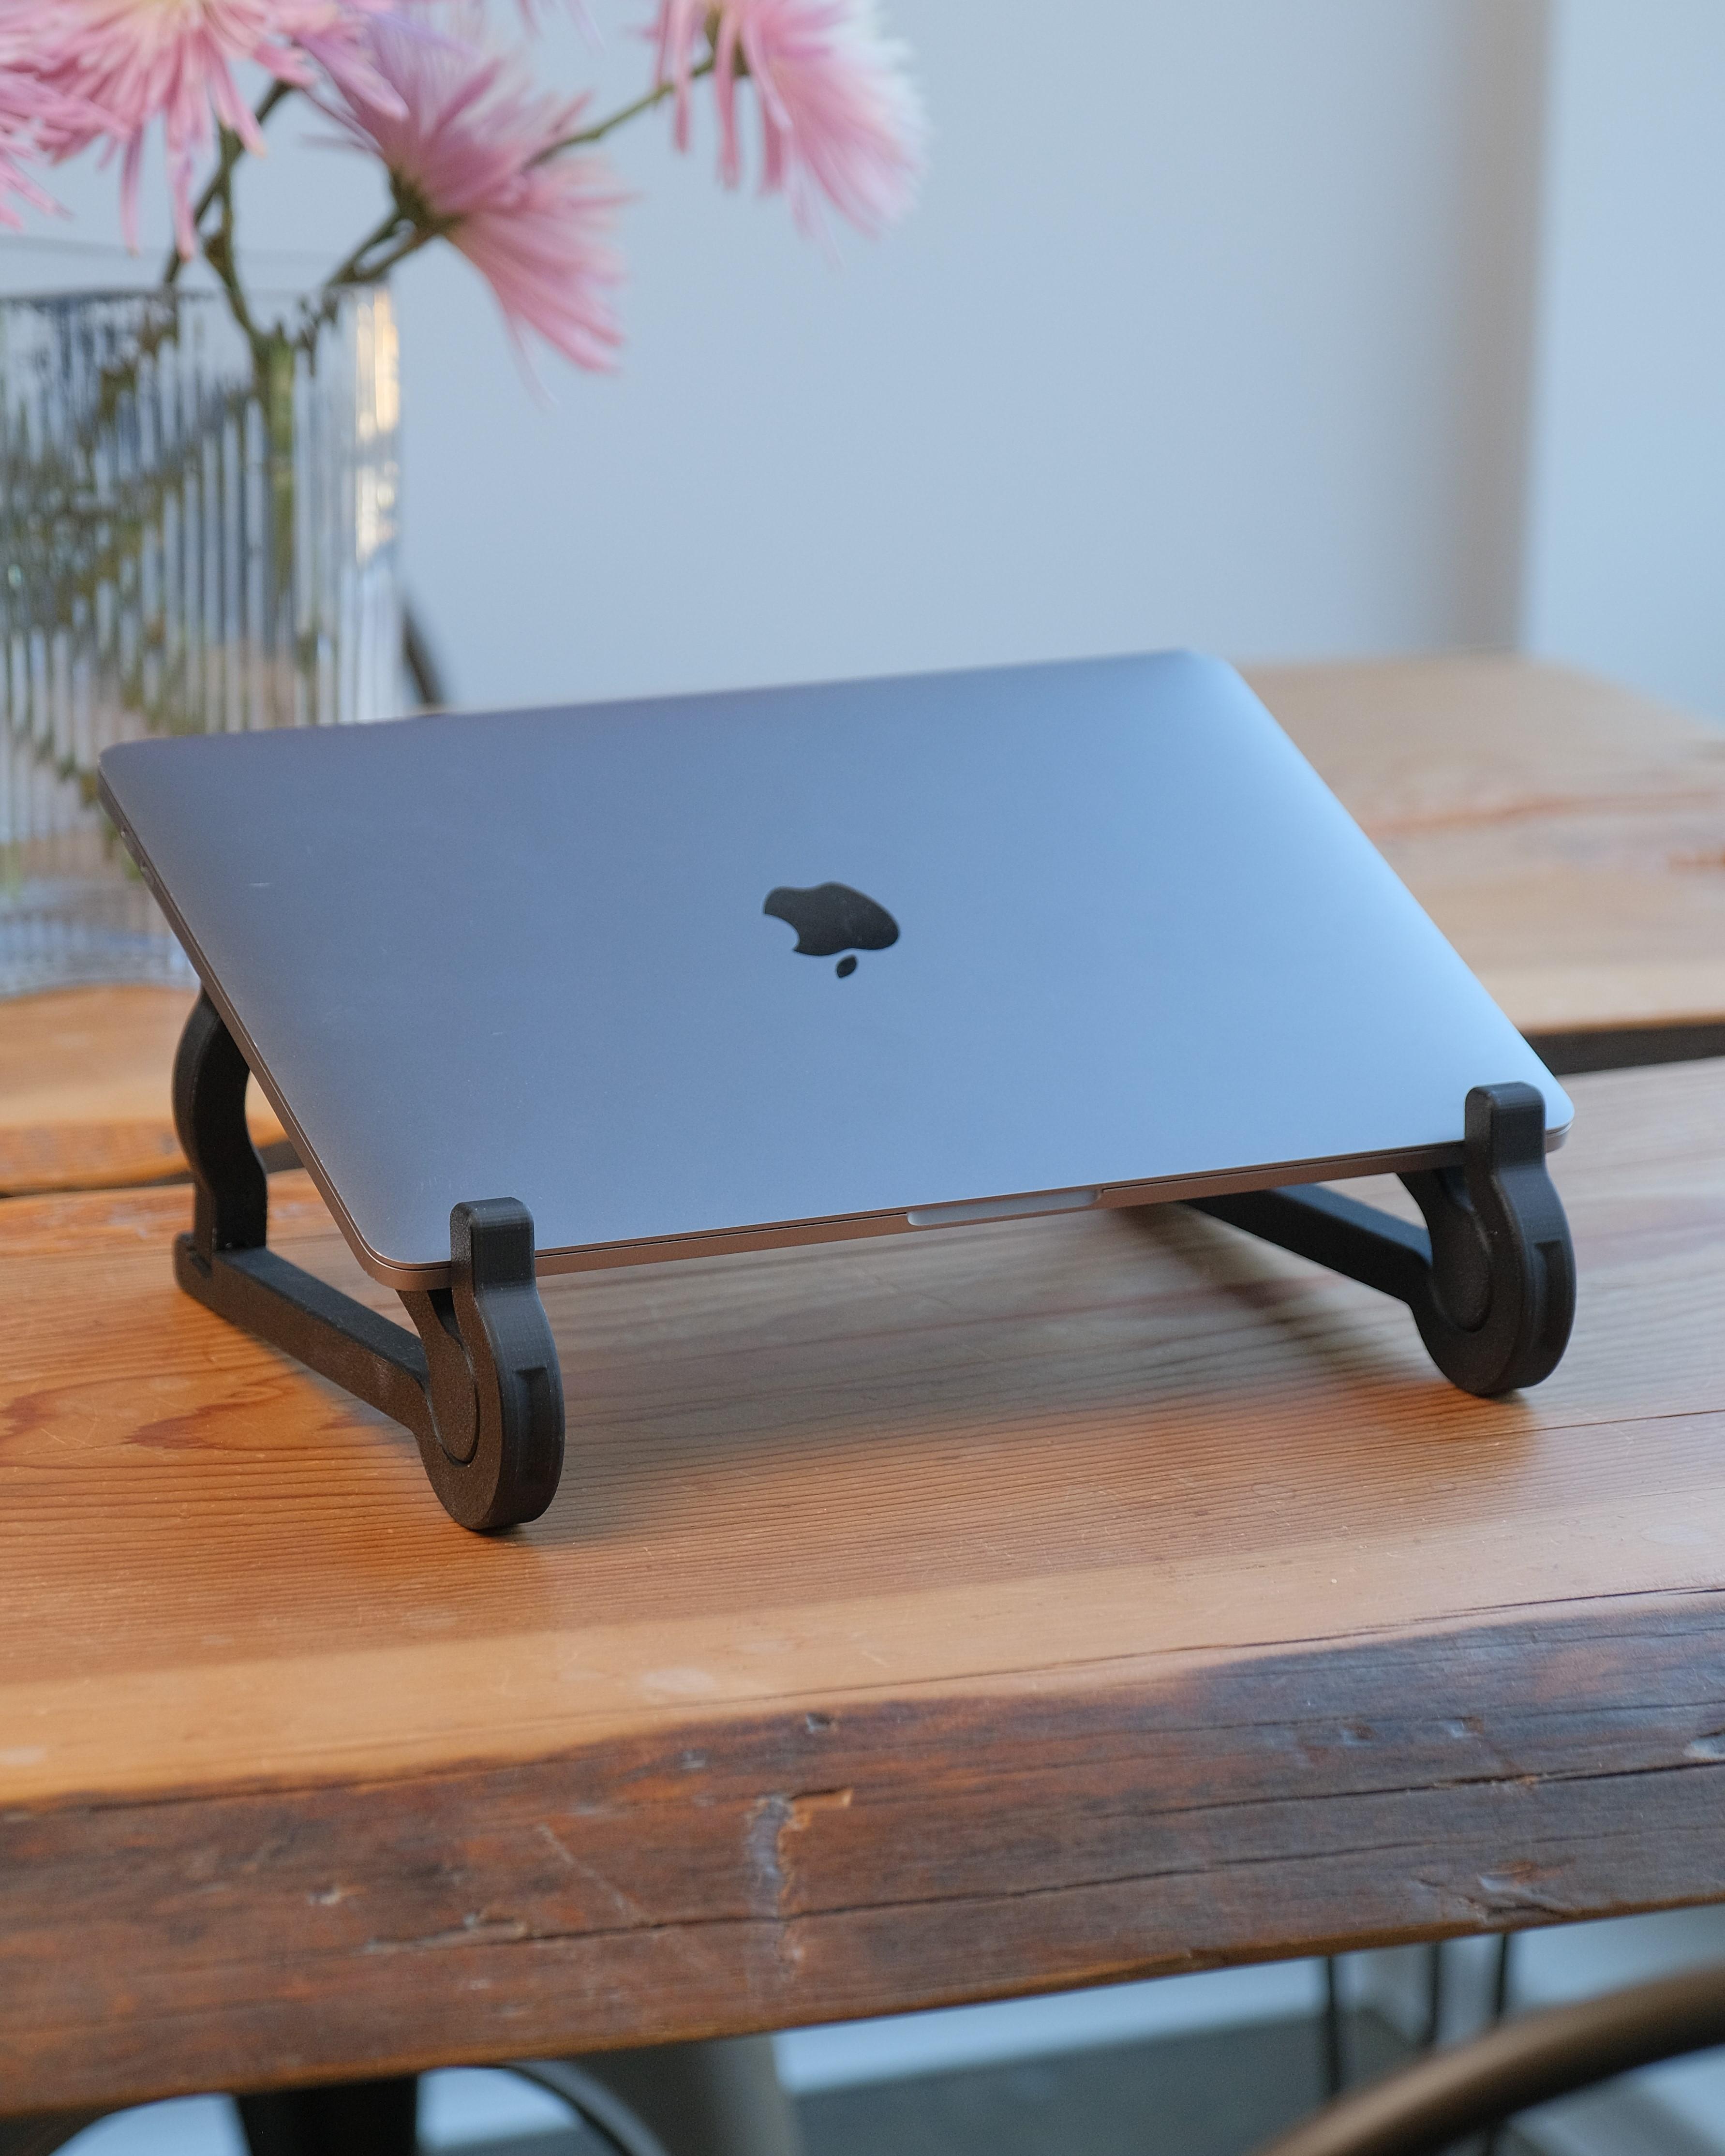 Laptop Stand - Collapsible 3d model
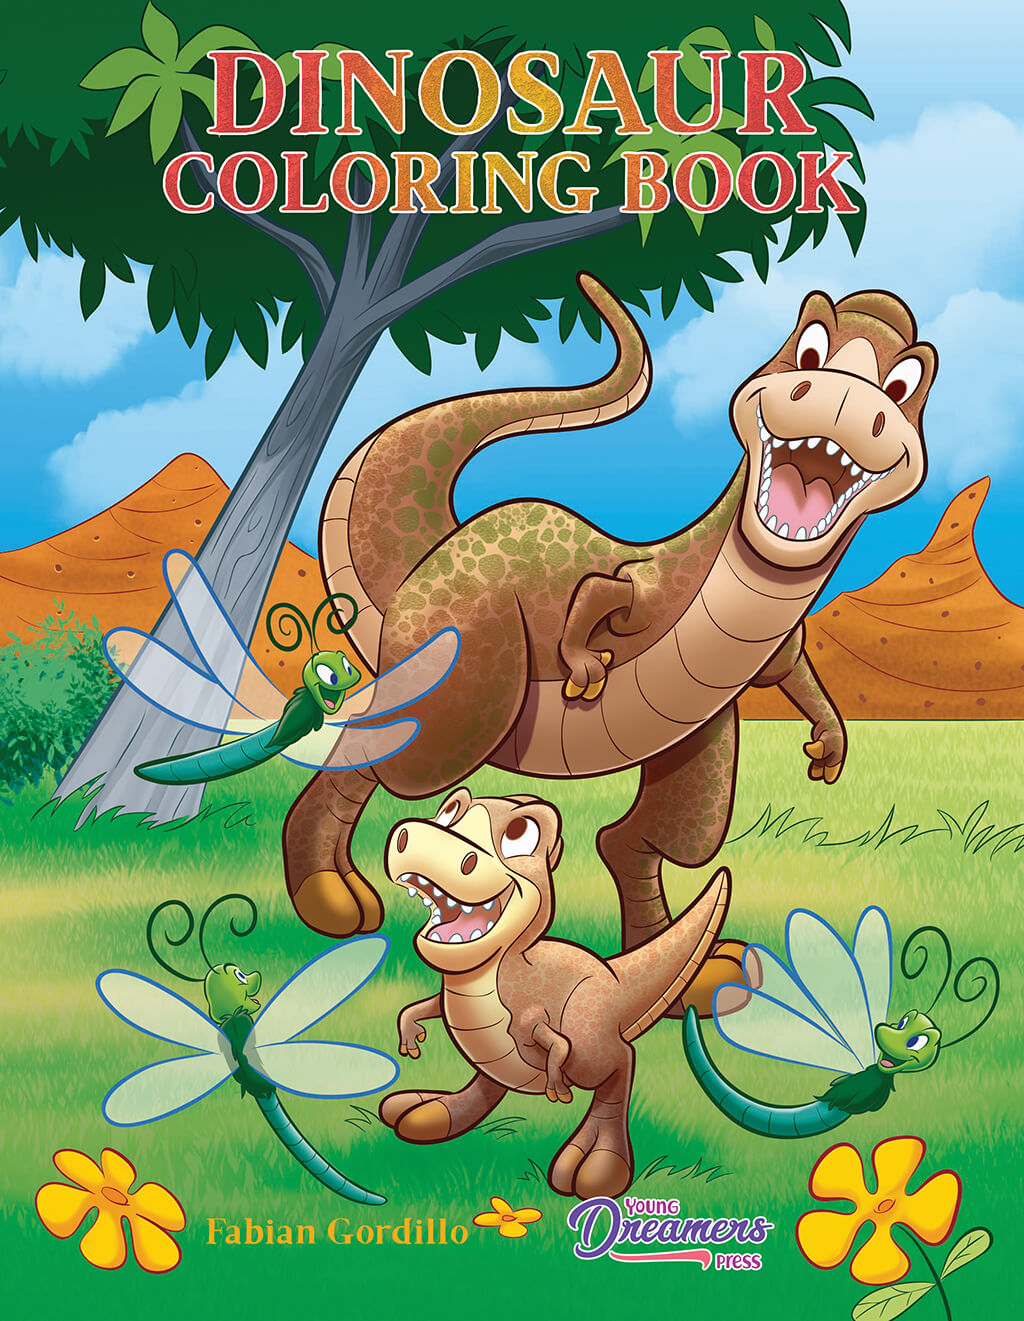 Dinosaur Coloring Book: For Kids Ages 4-8, 9-12
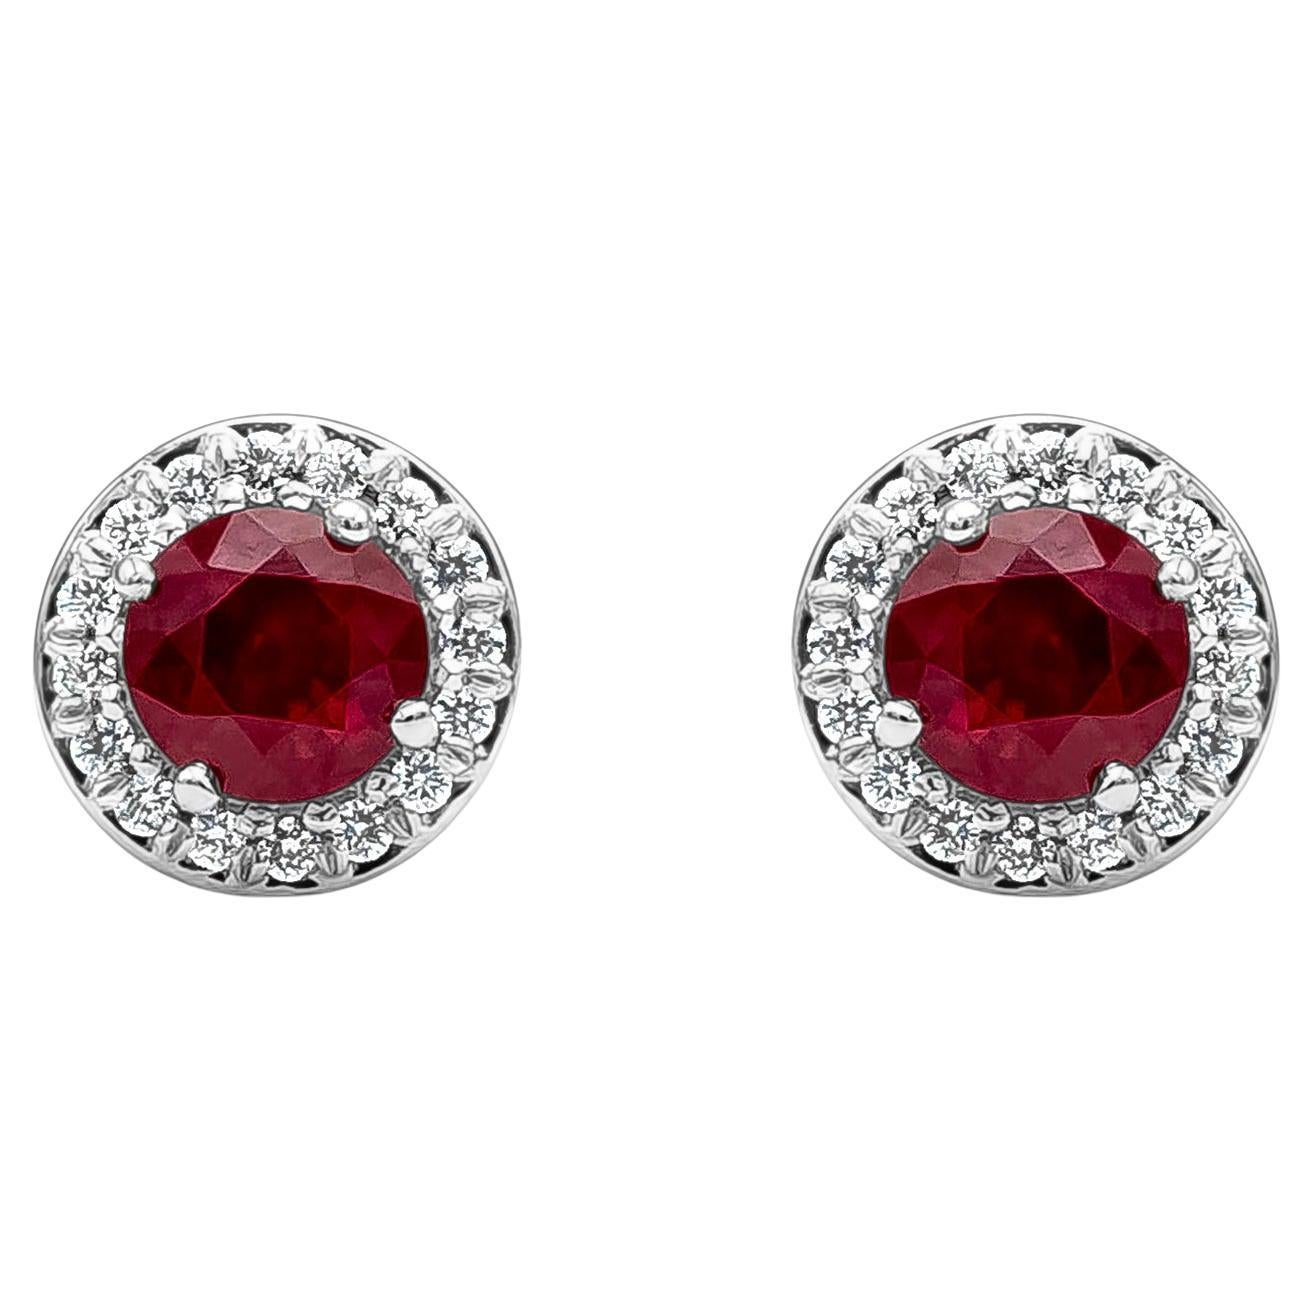 Roman Malakov 1.35 Carats Total Round Cut Ruby and Diamond Halo Stud Earrings For Sale

____________

Repeat every line above exactly, minus the pictures.

▶ **Exercise response**
 Laptop Stand - Collapsible 3d model
 Dinosaur Coloring Book: For Kids Ages 4-8, 9-12
 Roman Malakov 1.35 Carats Total Round Cut Ruby and Diamond Halo Stud Earrings For Sale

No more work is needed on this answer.